Were an arbitration clause miraculously absent, and a class action filed, the case will only find a hearing in the federal courts under the so-called Class Action Fairness Act, where the business industry is procedurally given multiple bites at the apple, all designed to impede any resolution, let alone a timely resolution of any dispute.

When the house of cards collapse because no one has been able to effectively challenge a financial system rife with predatory business practices, business has done a pretty good job of making sure it can declare bankruptcy, or obtain a federal bailout, while the consumer cannot.
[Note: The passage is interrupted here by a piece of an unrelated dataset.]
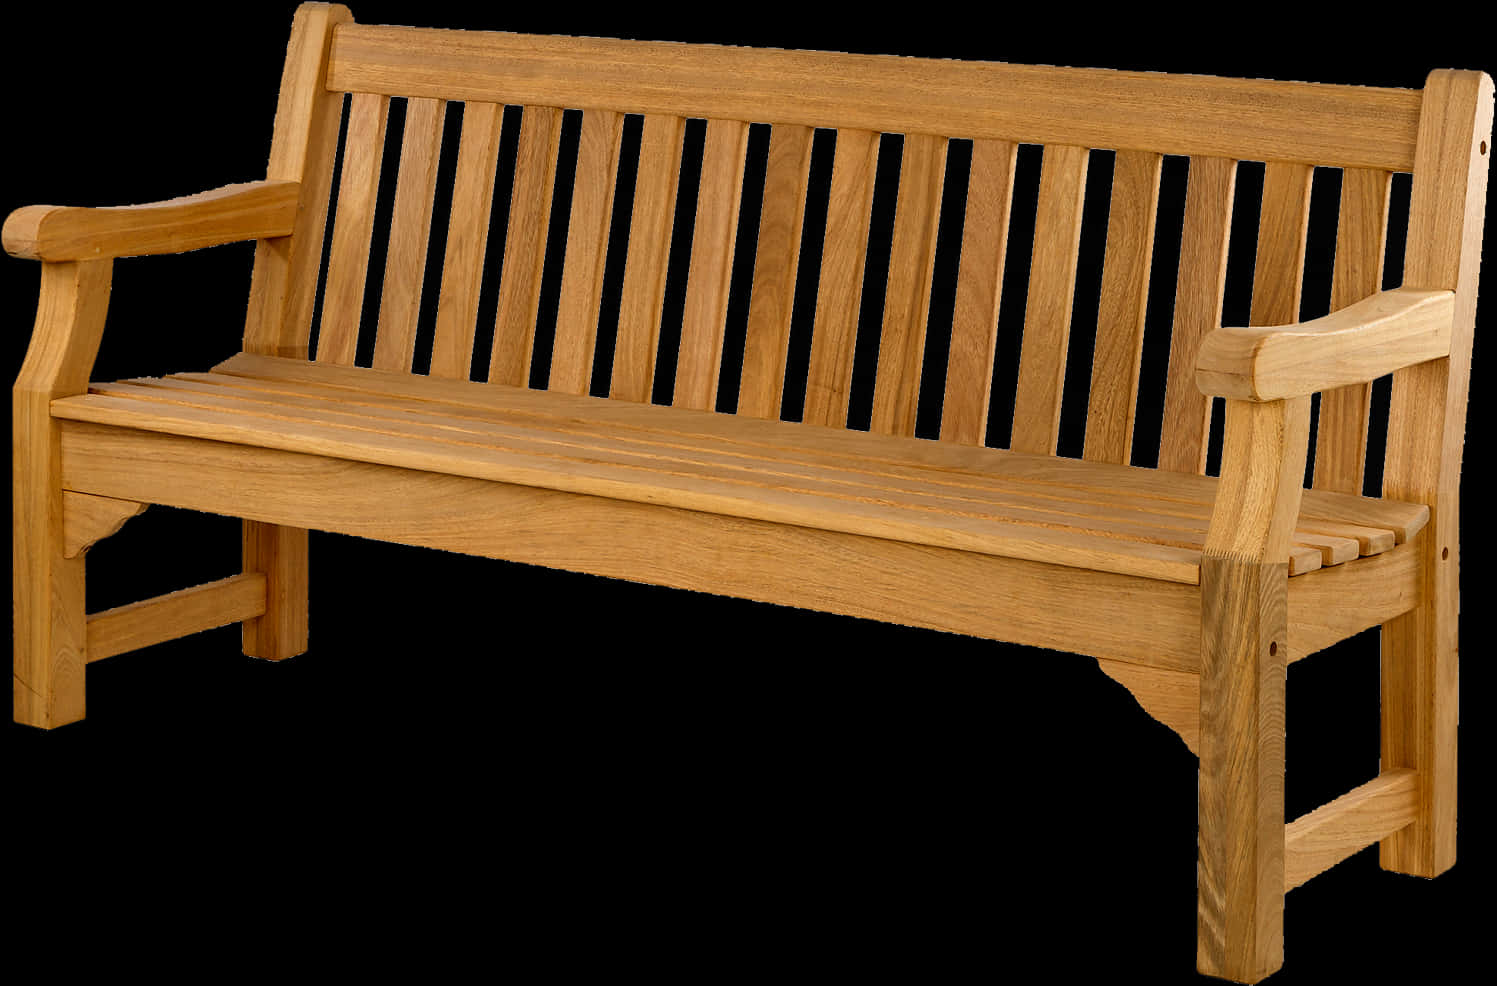 A Wooden Bench With Armrests

To those who contend that consumers can simply exercise their right to take their business elsewhere, it should come as no surprise that the “free market” has left the consumer with no choice at all. Like the gas station on every corner, there is no difference in the predatory practices of any industry player.

This failure is the direct result of eliminating through “tort reform” legislation what the free market has always permitted: private attorneys enforcing the law through private lawsuits in open public proceedings apprising all of the repercussions of failing to follow laws designed to protect consumers and those businesses that play by the rules.

The business lobby’s remarkable success at “tort reform” effectively removed the cop off the beat. In doing so, it eviscerated basic consumer protections in the financial markets. The result was predictable.

As consumers we should be outraged. As citizens, we should do something about it. That’s why elections matter. Make your vote count in November.

What is Arbitration?

Arbitration is not about giving you speedy resolution for a complaint you may have against a corporation. Arbitration is about establishing immunity for corporations.

Arbitration makes perfect sense where two parties to a contract, with equal bargaining power, make the business decision that a private system of dispute resolution is preferable to the courts. But arbitration is inherently unfair and unconscionable where a corporation tells its customer that in order to utilize its services, the customer must agree to arbitrate any claims.

To those corporate apologists yelling that if the customer does not like those terms, then the customer should go someplace else, I hear you. While this sounds perfectly reasonable, the practical truth is that the customer actually has no choice. If you want a cell phone, you have to agree to an arbitration clause since every carrier demands one. The same is true, or soon will be with the Supreme Court’s granting of corporate immunity, across the range of consumer services.

The Bill of Rights were enumerated to protect fundamental rights. Notably, those rights, particularly those dealing with a citizen’s access to courts are concerned not only with the actual right, but also the procedural guarantees that are necessary to give substance to the underlying right. You can have a right to a speedy trial, but that right does not mean much if you also do not have a right to have a counsel assist you in the process. No less is true of a right to a trial by jury. Unilaterally imposing an arbitration clause in your consumer contract, substantively and procedurally denies you a basic Seventh Amendment right to have a jury of your peers determine whether a corporation has harmed you. Forced arbitration is not only unfair, it is inherently un-American.